What needs to be done — Everything in the listing below should be written out again exactly, except the pictures.

Dataset content —

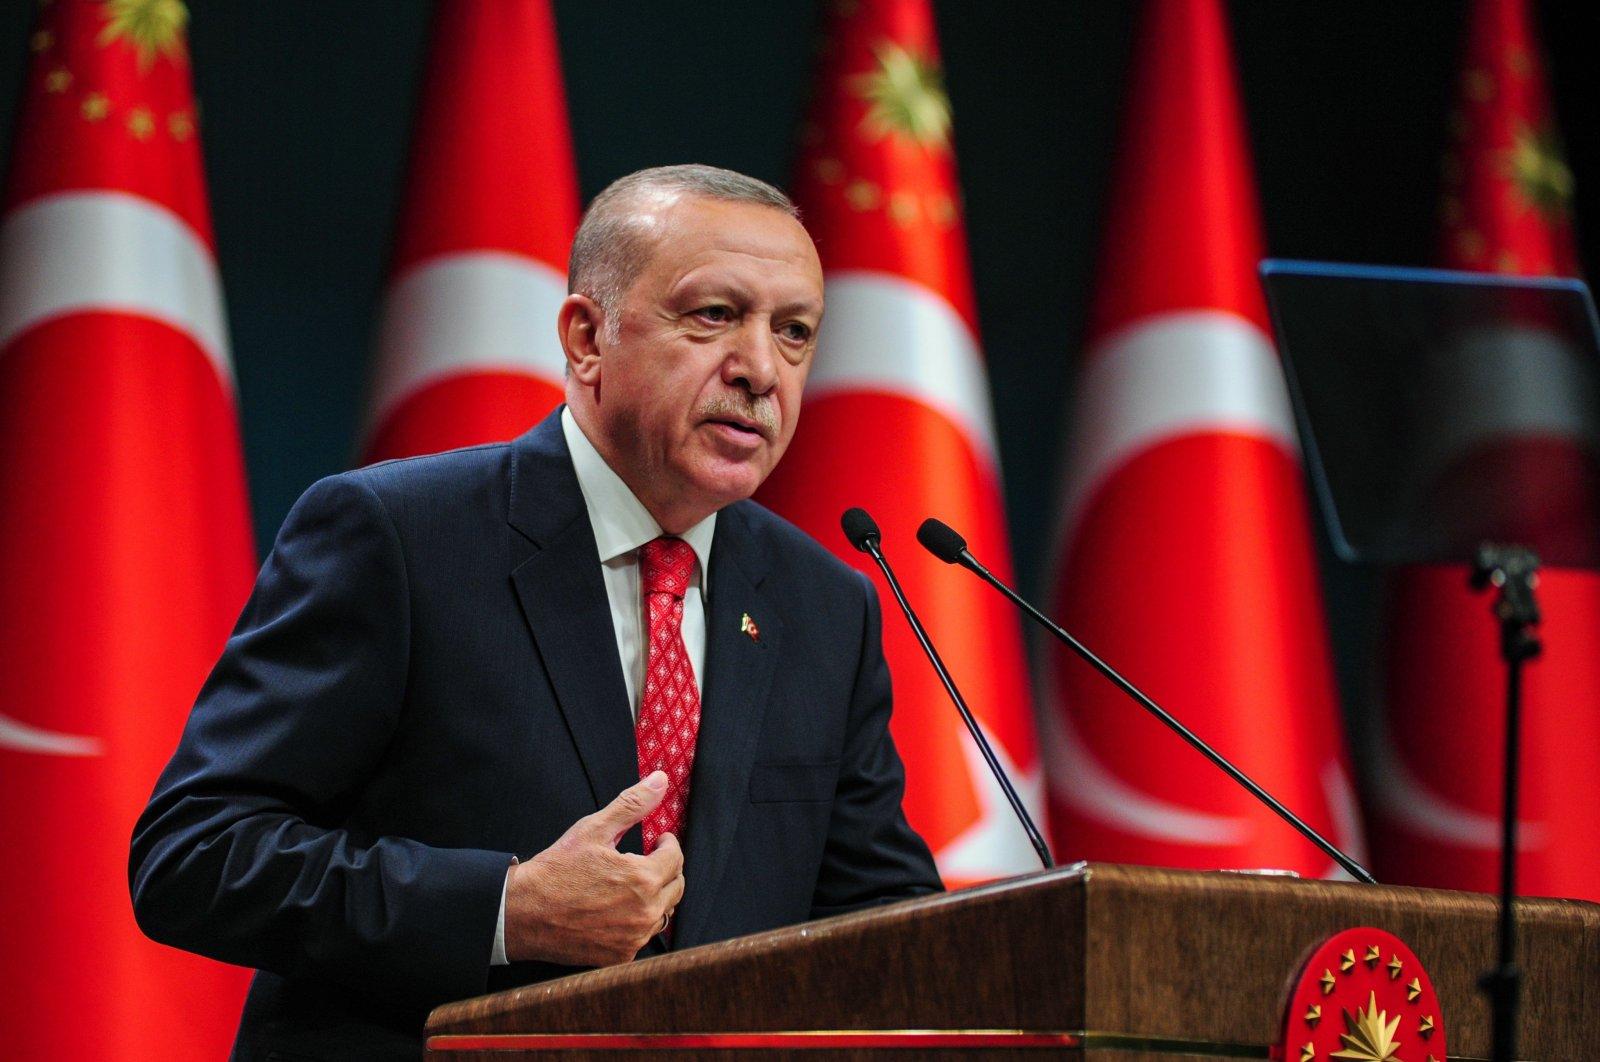 President Recep Tayyip Erdoğan speaks after a Cabinet meeting, Ankara, Turkey, Aug. 10, 2020. (İHA Photo)
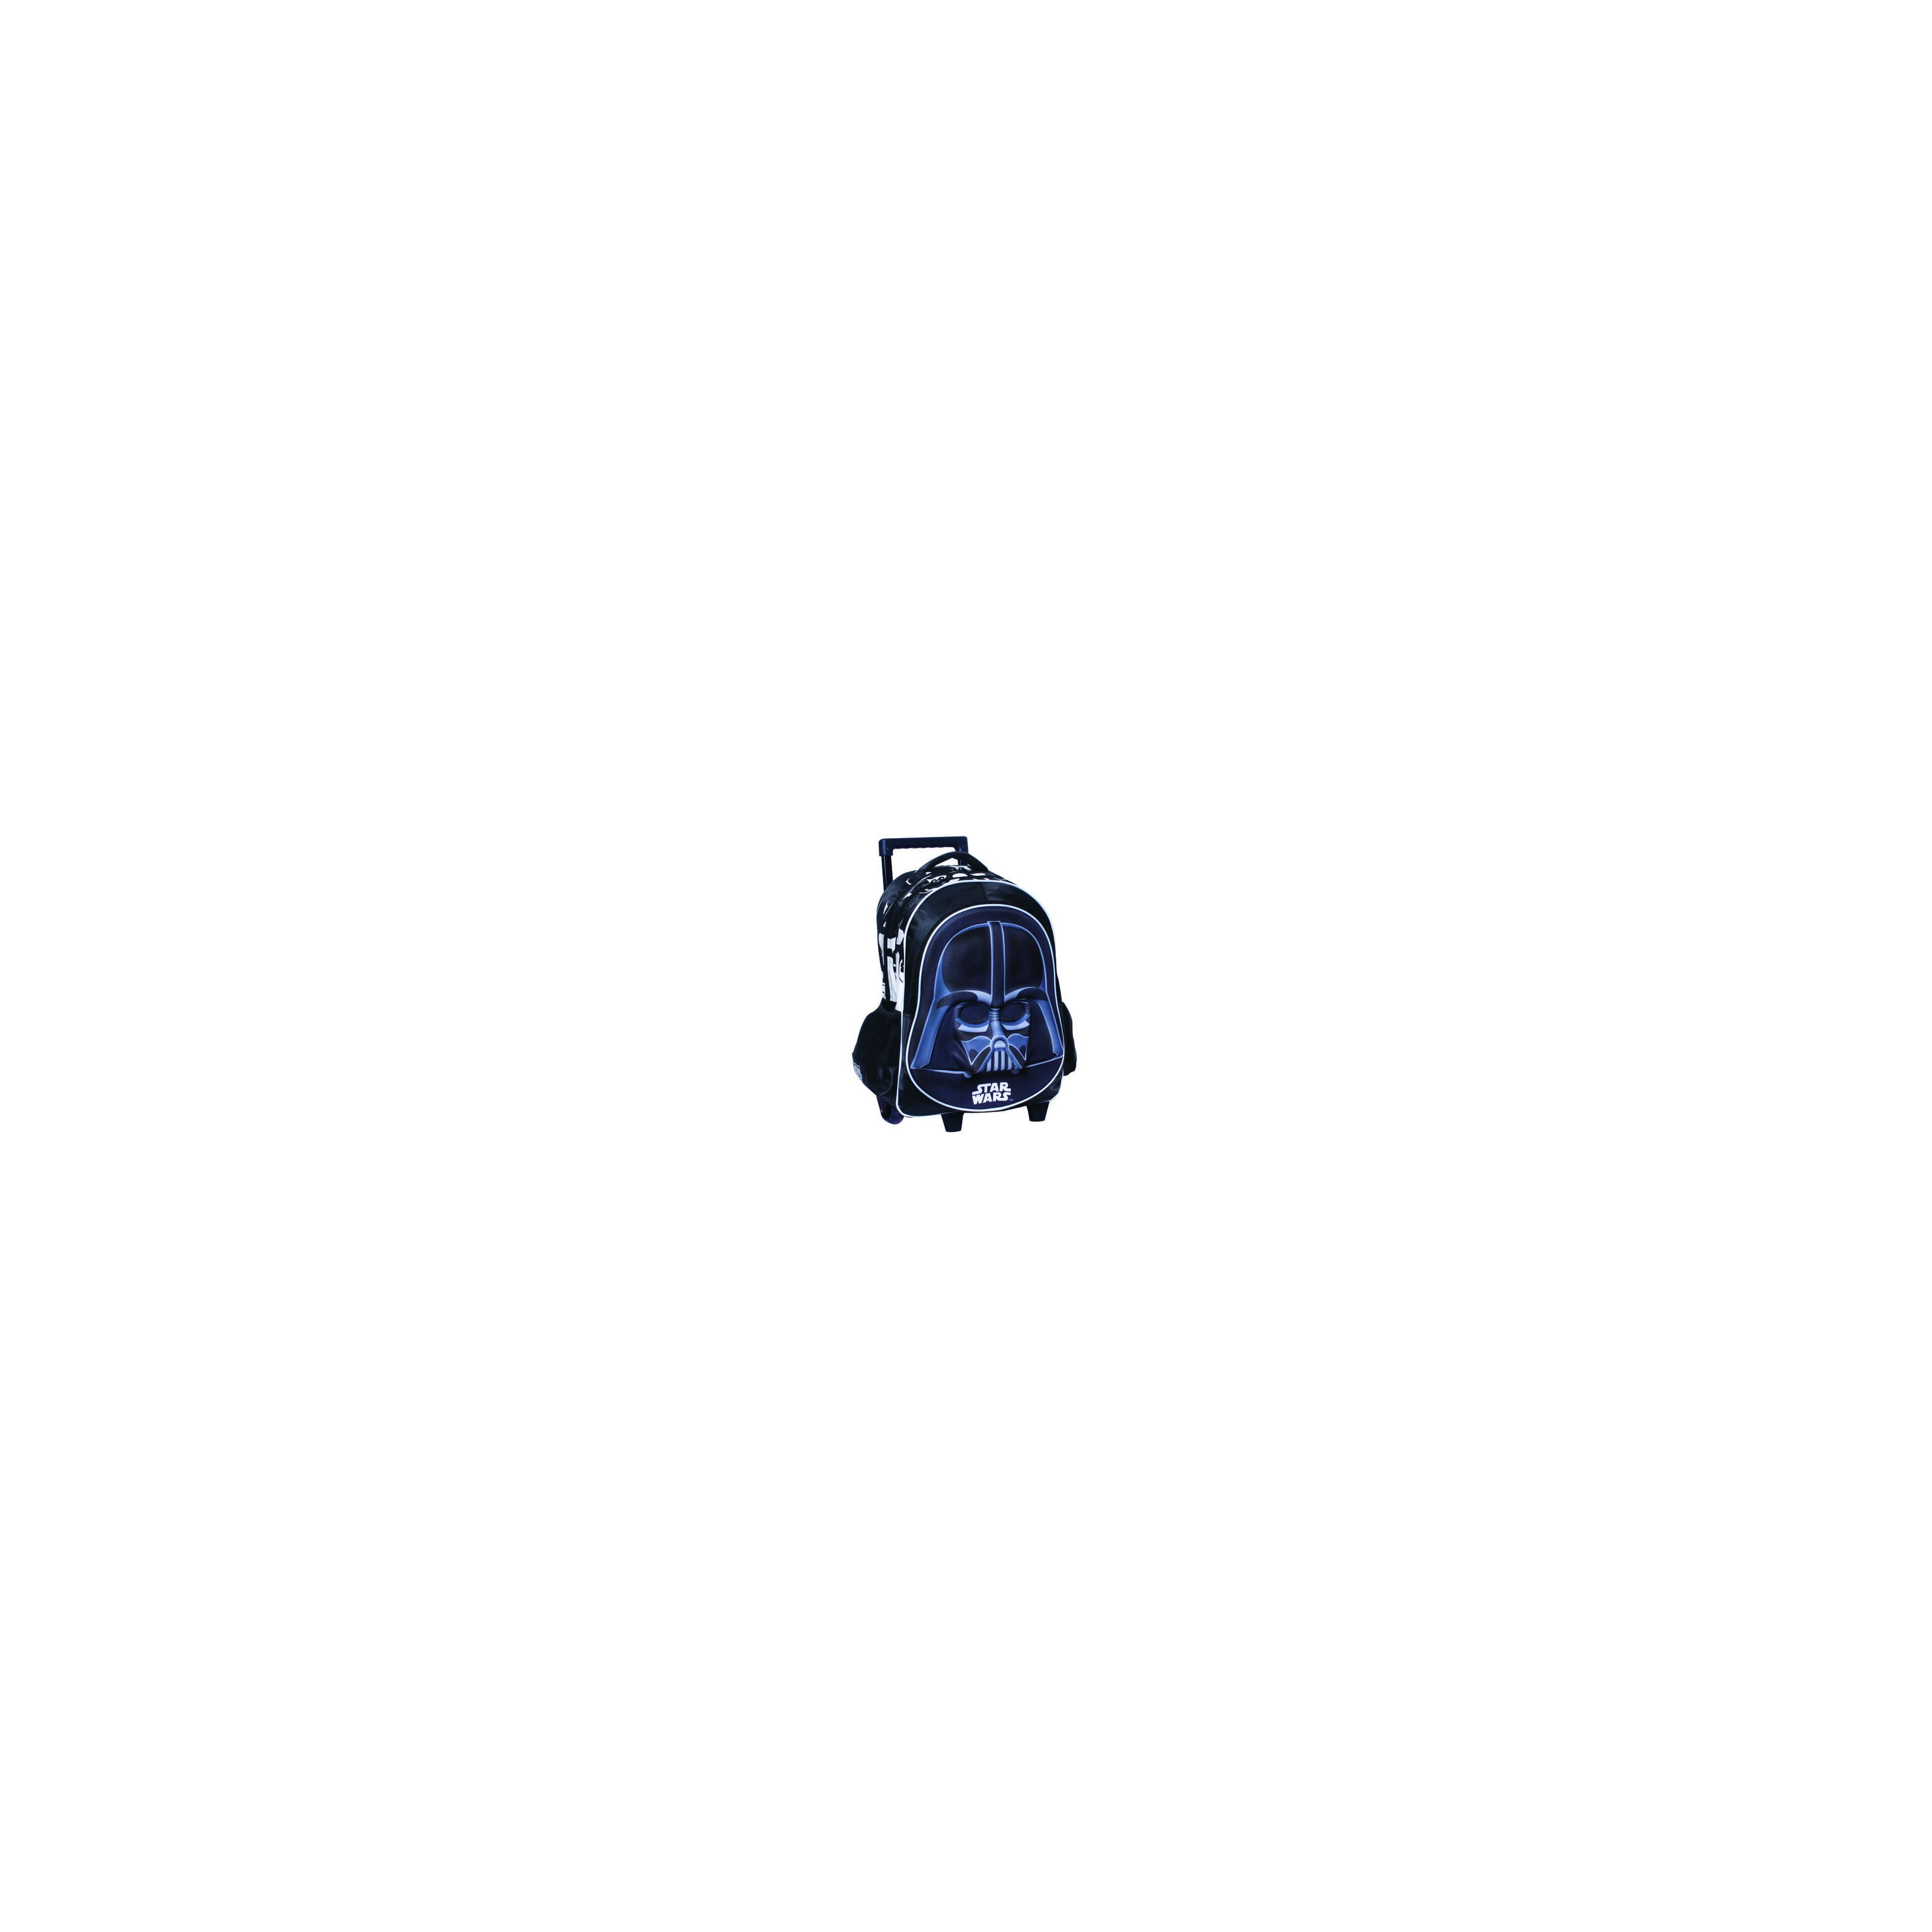 58c5d6ba212 Σχολική Τσάντα Trolley Star Wars Vader 338-17074 | Σχολικά Τρόλευ ...
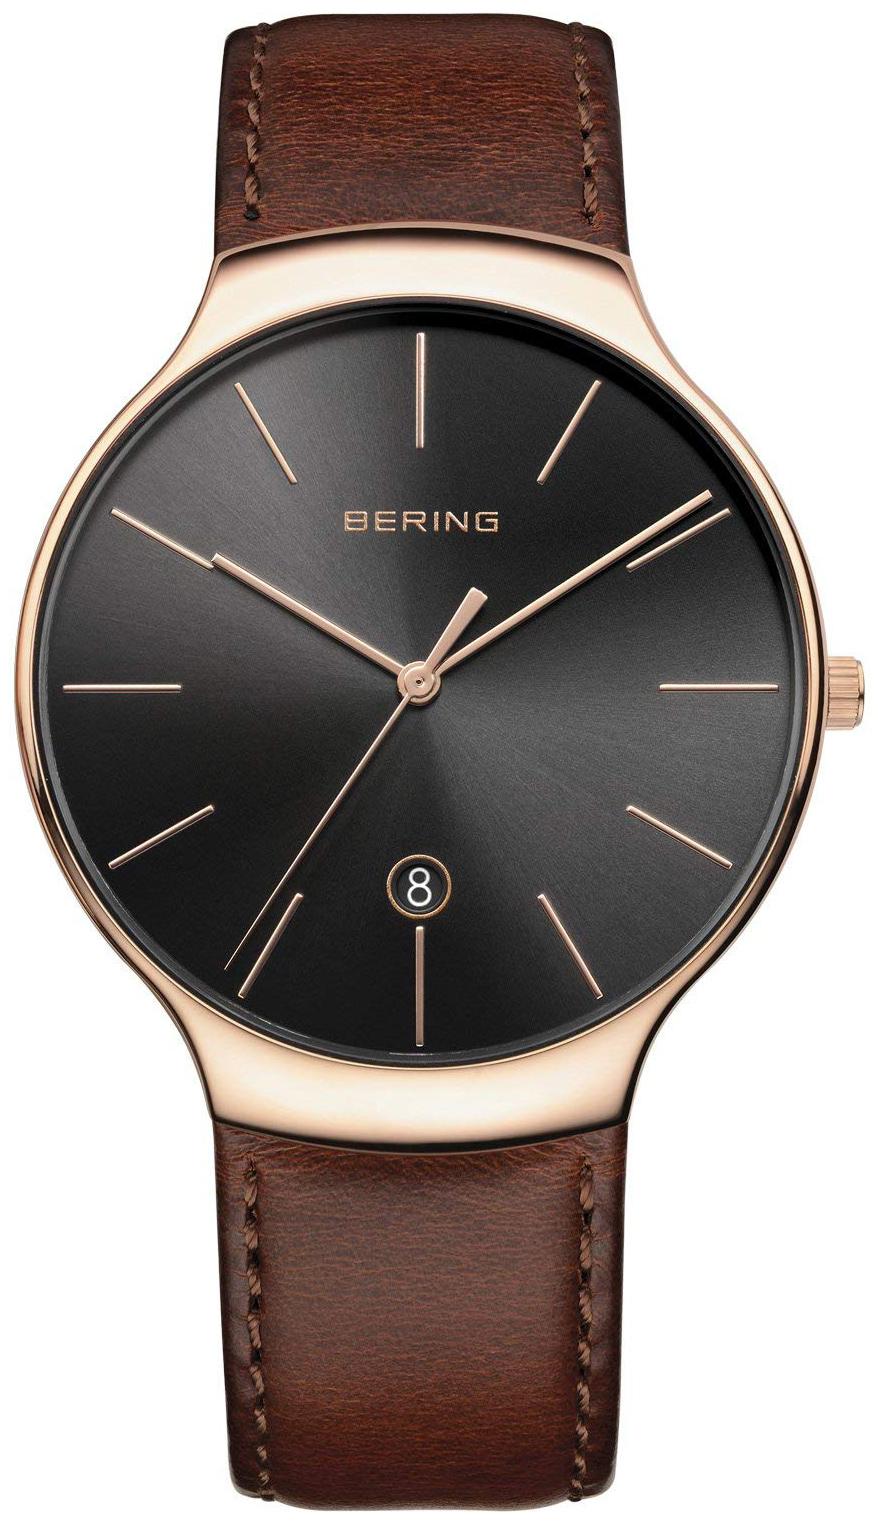 Bering Classic 13338-562 Sort/Lær Ø38 mm - Bering

Reply to the exercise —
 President Recep Tayyip Erdoğan speaks after a Cabinet meeting, Ankara, Turkey, Aug. 10, 2020. (İHA Photo)
 58c5d6ba212 Σχολική Τσάντα Trolley Star Wars Vader 338-17074 | Σχολικά Τρόλευ ...
 Bering Classic 13338-562 Sort/Lær Ø38 mm - Bering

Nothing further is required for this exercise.